To build, checkout the repo, run git submodule update --init, make tkey-libs and make.
Since we compile with -fpic (for simplicity, everything is built with -fpic, but I expect the trigger is that lib.c is compiled with -fpic), we get a .got section in the .elf file. This is put last in the corresponding .bin file, at offset 0xe4 (loaded at address 0x400000e4), but the code doing indirection via the got uses address 0x400000e8, 4 bytes off.
In this example, the .text and .data segments get alignment 8, from use of data of type long long (I don't understand why, though. On other 32-bit archs, 64-bit values only need alignment 4). But the size of .text and .data segments are not a multiple of 8, which implies that some padding is added. As far as I can tell, this is handled correctly for direct references, including padding bytes in the .elf file, but something is messed up with .got.
I suspect .got needs some explicit handling in the linker script. Alternatively, one could maybe have the linker script fail if any .got section is present.

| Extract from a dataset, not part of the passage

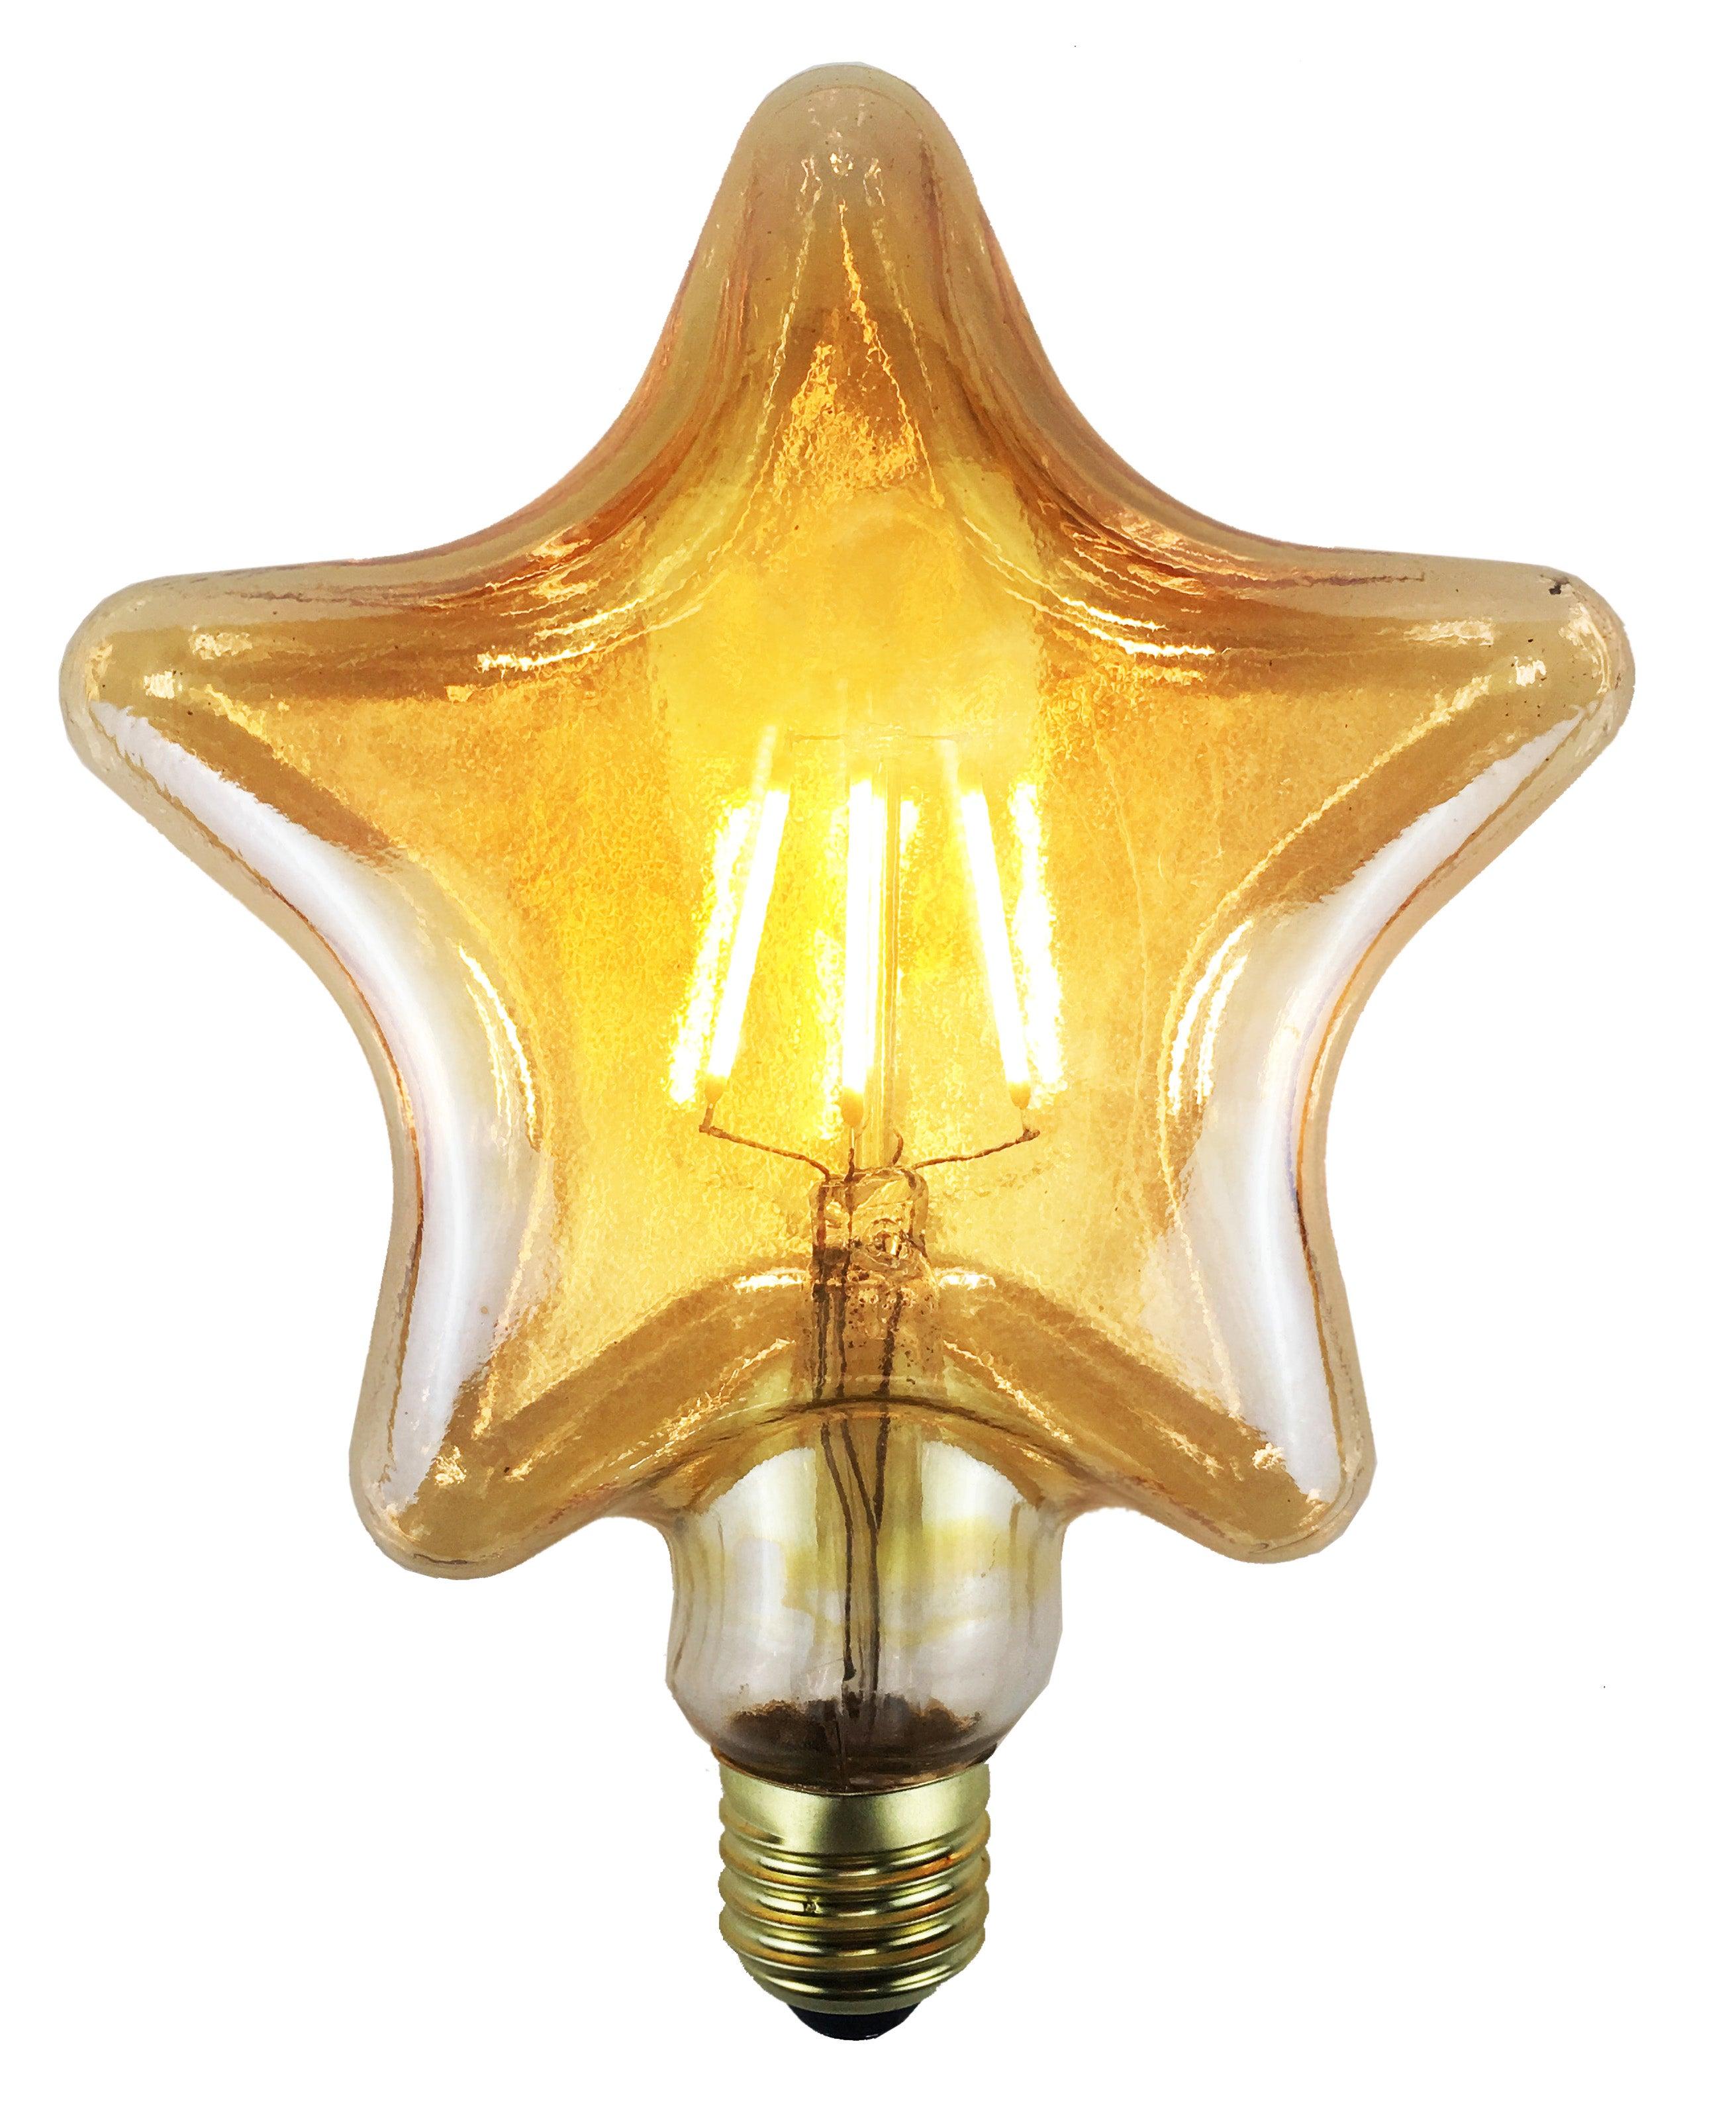 Ampoule décorative led ambré étoile E27 380 Lm = 35 W blanc chaud, SAMPA HELIOS
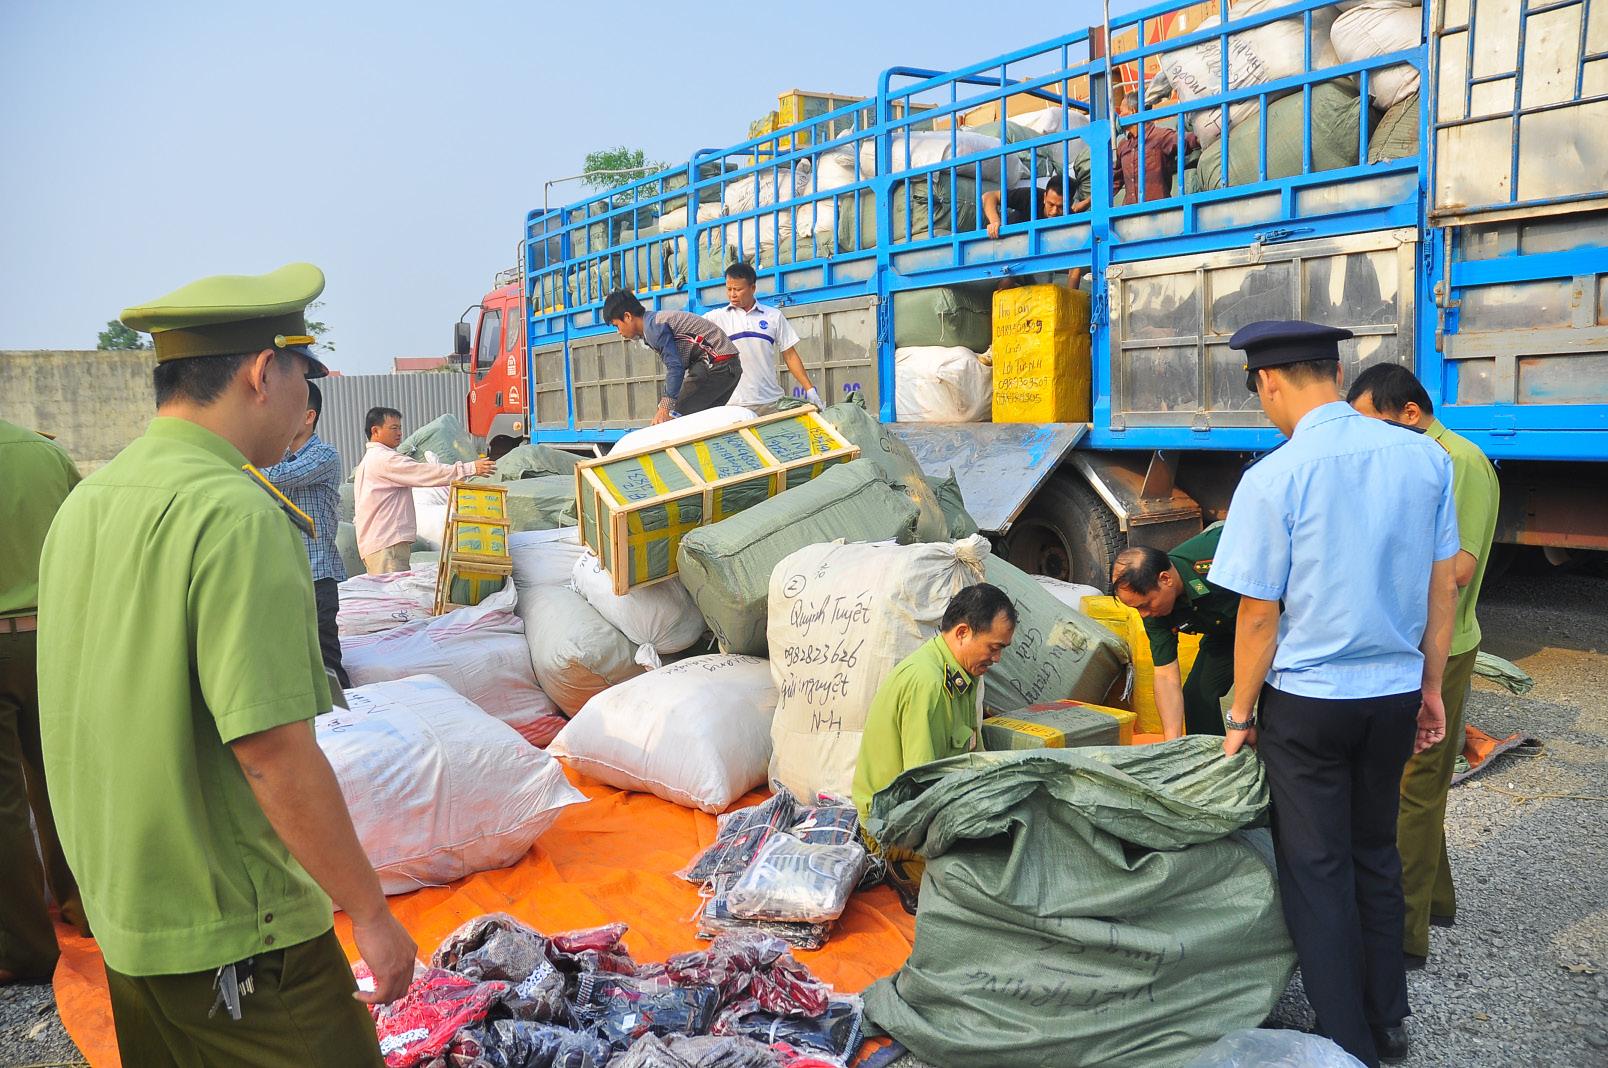 Pháp nhân thương mại buôn lậu thì bị xử lý như thế nào theo quy định của Bộ luật hình sự năm 2015

In my tests, it has also appeared to be a work to increase the explicit ALIGN instructions in the linker script from ALIGN(4) to ALIGN(8), but not sure how that really works.
The reason I default to using -fpic also when building a static nettle library, is to avoid relocations for people that make a dynamically loaded object that is linked statically with nettle. And it would also help when building a -fpie executable (as has become popular lately) statically linked with nettle. So I don't think it's an obscure thing to do for a static library.